Louis m'a fait découvrir son monde, son univers. Par moment c'était léger, des fois plus difficile, nostalgique ou triste. Partager tout ça avec lui, a vraiment compté pour moi. C'était personnel, je me suis senti privilégié, unique.
Je crois que s'il m'a montré tout ces endroits, c'était aussi une façon de repousser le moment d'aller au cimetière. Quand il s'est garé devant la grille, la journée était presque terminée, le soleil allait bientôt se coucher. Il m'avait déjà dit un jour, qu'aller voir son père et son frère au cimetière lui manquait depuis qu'il avait déménagé, mais ça ne veut pas dire que c'est quelque chose de facile à faire pour autant. Je lui ai demandé s'il voulait toujours que je l'accompagne. Il a hésité quelques secondes avant de secouer la tête.
« Tu veux bien rester là, s'il te plaît ? »
Là, voulait dire à l'entrée, pas loin de lui. Il m'a dit qu'il avait besoin d'y aller seul, parce qu'il comptait parler à voix haute. Ça m'a fait réaliser que je ne t'ai jamais parler depuis que tu es parti. Je crois. Pas avec ma voix, je passe mon temps à t'écrire, mais je crois que je ne t'ai jamais parlé pour de vrai. Je ne sais pas si ça fait réellement une différence. Je ne sais pas si tu peux m'entendre ou me lire.
Je ne voulais pas entendre ce que Louis allait dire à son frère et à son père. Il m'a partagé énormément de choses ce week-end, plus que personne ne l'a jamais fait.

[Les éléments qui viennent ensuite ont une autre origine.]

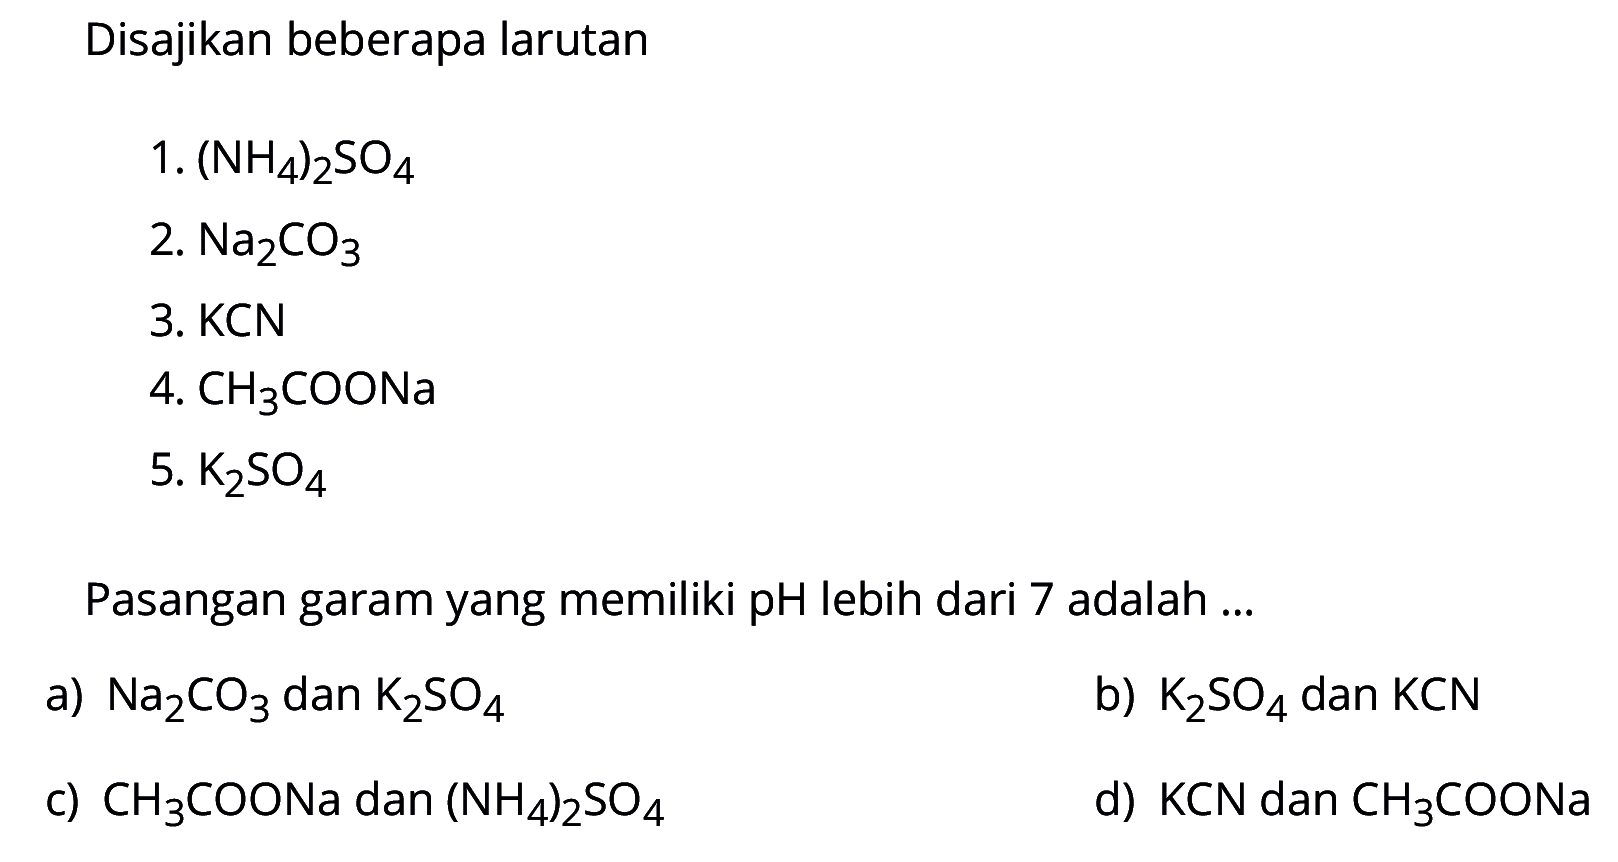 Disajikan beberapa larutan1.  (NH4)2 SO4 2.  Na2 CO3 3. KCN4.  CH3  COONa5.  K2 SO4 Pasangan garam yang memiliki pH lebih dari 7 adalah ...a)  Na2 CO3  dan  K2 SO4 b)  K2 SO4  dan  KCN c)  CH3 COONa  dan  (NH4)2 SO4 d)  KCN  dan  CH3 COONa 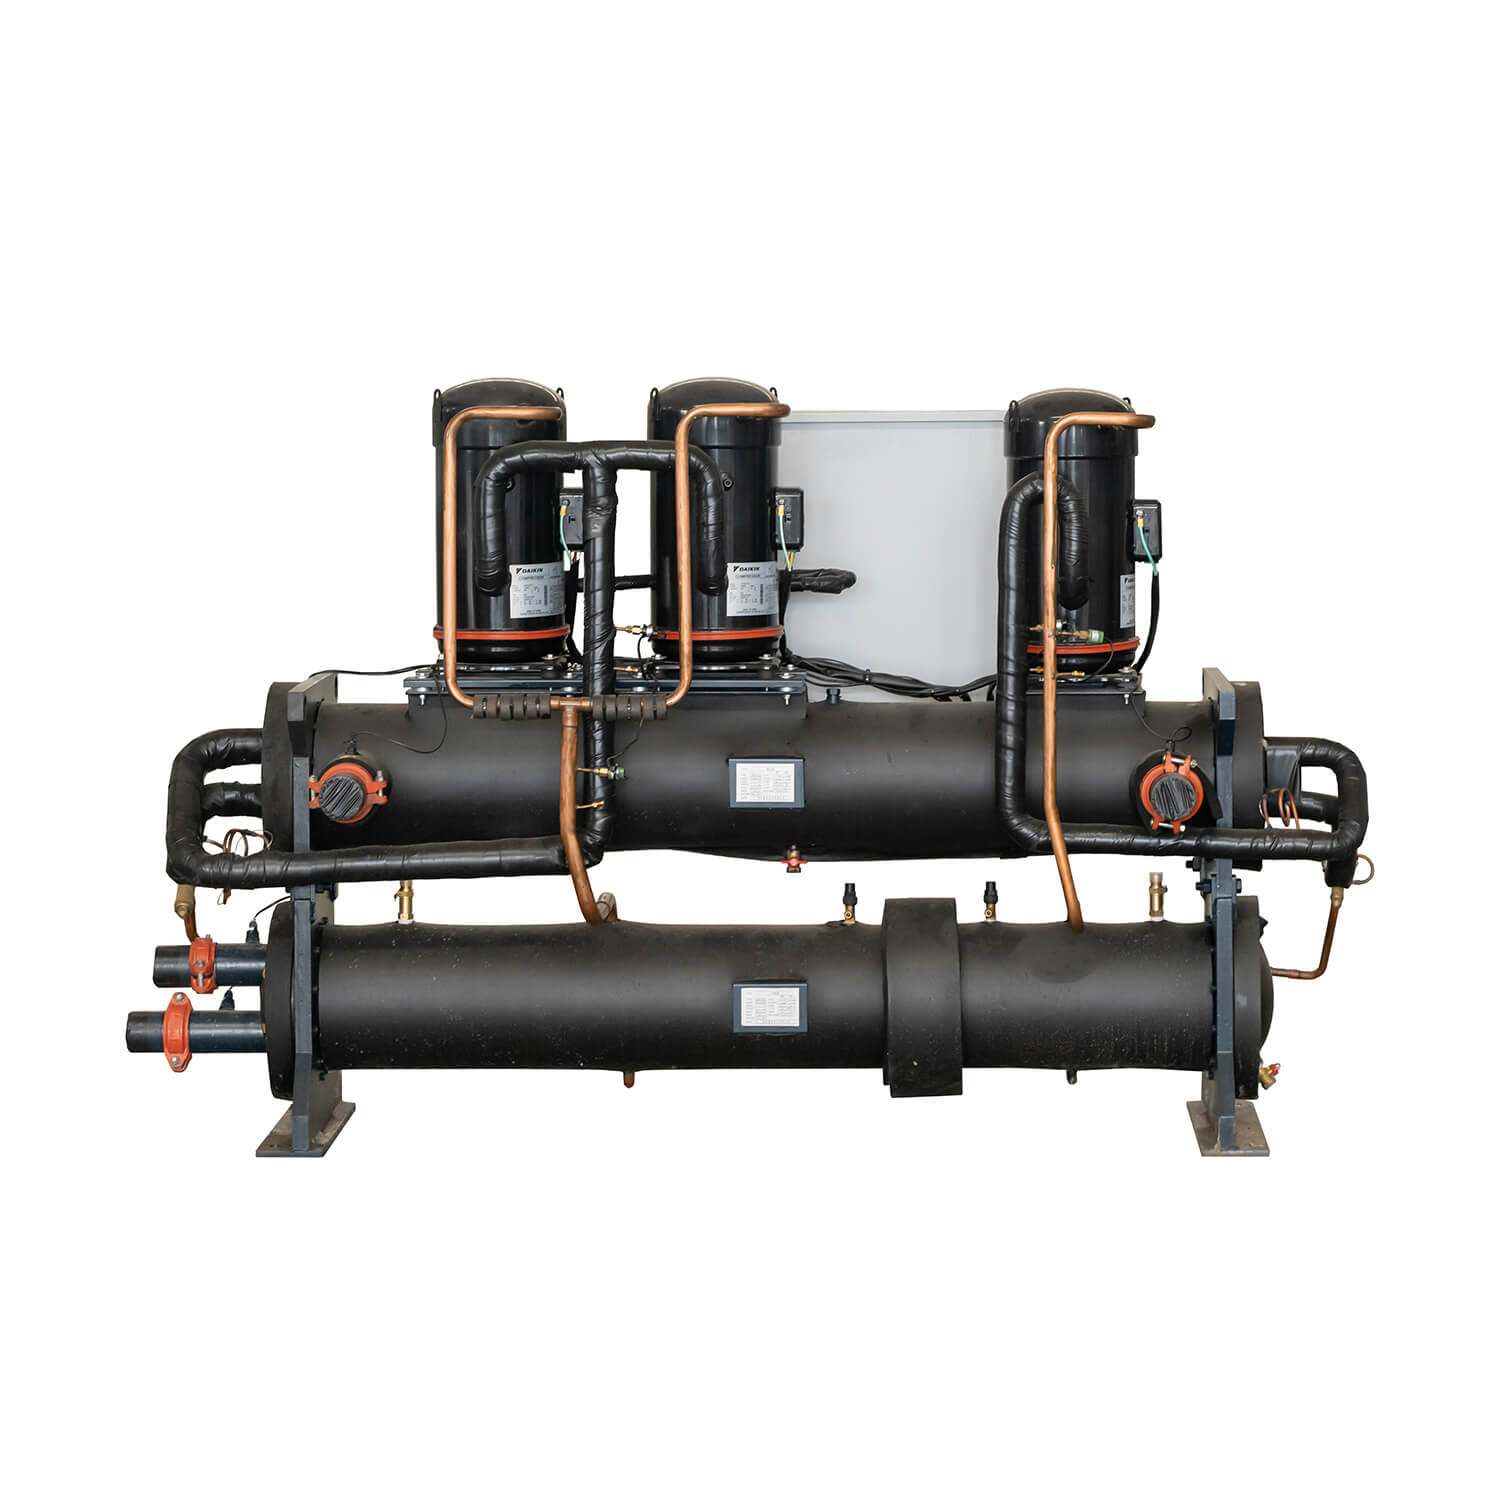 Enfriador Scroll refrigerado por agua de 70kw-280kw y bomba de calor, aire acondicionado central industrial/comercial

Ce qu'il leur a dit n'appartient qu'à lui, comme ce journal n'appartient qu'à moi.
Si je ne l'entendais, je le voyais au loin, debout, devant deux tombes, exactement comme je l'avais imaginé. Ça m'a fait mal au coeur. Je le savais déjà, mais maintenant j'en suis encore plus certain, je ne suis pas prêt de revenir te voir dans ton cimetière à toi. C'est beaucoup trop dur.
Je n'avais pas vu l'heure, je vais être en retard en cours. Je continue de t'écrire ce soir ou demain, j'ai beaucoup de devoirs en ce moment.